→ **WHAT YOU NEED TO DO**
Reproduce, from the lines below, exactly the stretch that begins at the line containing "ref 16600 |" and ends at the line containing "Мужские пляжные шорты", both included.

Dataset entries:
= Beginning of Section =

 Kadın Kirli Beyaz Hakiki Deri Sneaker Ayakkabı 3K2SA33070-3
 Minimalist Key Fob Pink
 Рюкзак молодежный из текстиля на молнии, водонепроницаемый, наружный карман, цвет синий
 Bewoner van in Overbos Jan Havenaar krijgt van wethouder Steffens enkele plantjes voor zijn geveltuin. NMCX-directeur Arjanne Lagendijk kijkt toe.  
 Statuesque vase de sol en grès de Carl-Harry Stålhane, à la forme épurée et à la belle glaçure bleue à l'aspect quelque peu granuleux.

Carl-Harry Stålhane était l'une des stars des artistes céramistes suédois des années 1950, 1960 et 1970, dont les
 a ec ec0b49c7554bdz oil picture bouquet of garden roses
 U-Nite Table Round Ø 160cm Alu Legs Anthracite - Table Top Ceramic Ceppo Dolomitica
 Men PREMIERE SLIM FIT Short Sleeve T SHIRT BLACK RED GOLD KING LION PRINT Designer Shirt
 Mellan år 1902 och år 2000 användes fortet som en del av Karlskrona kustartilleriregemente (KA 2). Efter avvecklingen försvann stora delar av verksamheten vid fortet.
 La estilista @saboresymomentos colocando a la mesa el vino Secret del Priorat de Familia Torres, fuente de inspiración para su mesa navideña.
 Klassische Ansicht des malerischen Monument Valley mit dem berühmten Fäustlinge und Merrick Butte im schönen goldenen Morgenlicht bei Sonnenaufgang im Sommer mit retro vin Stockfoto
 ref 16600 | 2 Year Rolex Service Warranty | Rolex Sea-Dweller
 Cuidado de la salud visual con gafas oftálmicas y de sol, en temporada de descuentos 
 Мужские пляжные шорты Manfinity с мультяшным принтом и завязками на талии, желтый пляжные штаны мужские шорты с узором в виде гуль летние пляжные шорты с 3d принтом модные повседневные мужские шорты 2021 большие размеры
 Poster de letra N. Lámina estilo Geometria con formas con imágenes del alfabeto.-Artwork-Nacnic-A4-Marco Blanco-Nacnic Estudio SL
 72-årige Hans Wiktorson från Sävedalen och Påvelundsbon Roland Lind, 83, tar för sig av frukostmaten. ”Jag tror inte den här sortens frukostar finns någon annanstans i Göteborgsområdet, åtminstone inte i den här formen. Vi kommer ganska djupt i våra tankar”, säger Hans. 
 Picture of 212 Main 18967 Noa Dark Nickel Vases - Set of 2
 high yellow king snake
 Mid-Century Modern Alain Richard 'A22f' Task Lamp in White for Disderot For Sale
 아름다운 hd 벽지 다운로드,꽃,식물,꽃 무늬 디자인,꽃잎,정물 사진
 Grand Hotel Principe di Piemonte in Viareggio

= End of Section =

→ **TASK SOLUTION**
 ref 16600 | 2 Year Rolex Service Warranty | Rolex Sea-Dweller
 Cuidado de la salud visual con gafas oftálmicas y de sol, en temporada de descuentos 
 Мужские пляжные шорты Manfinity с мультяшным принтом и завязками на талии, желтый пляжные штаны мужские шорты с узором в виде гуль летние пляжные шорты с 3d принтом модные повседневные мужские шорты 2021 большие размеры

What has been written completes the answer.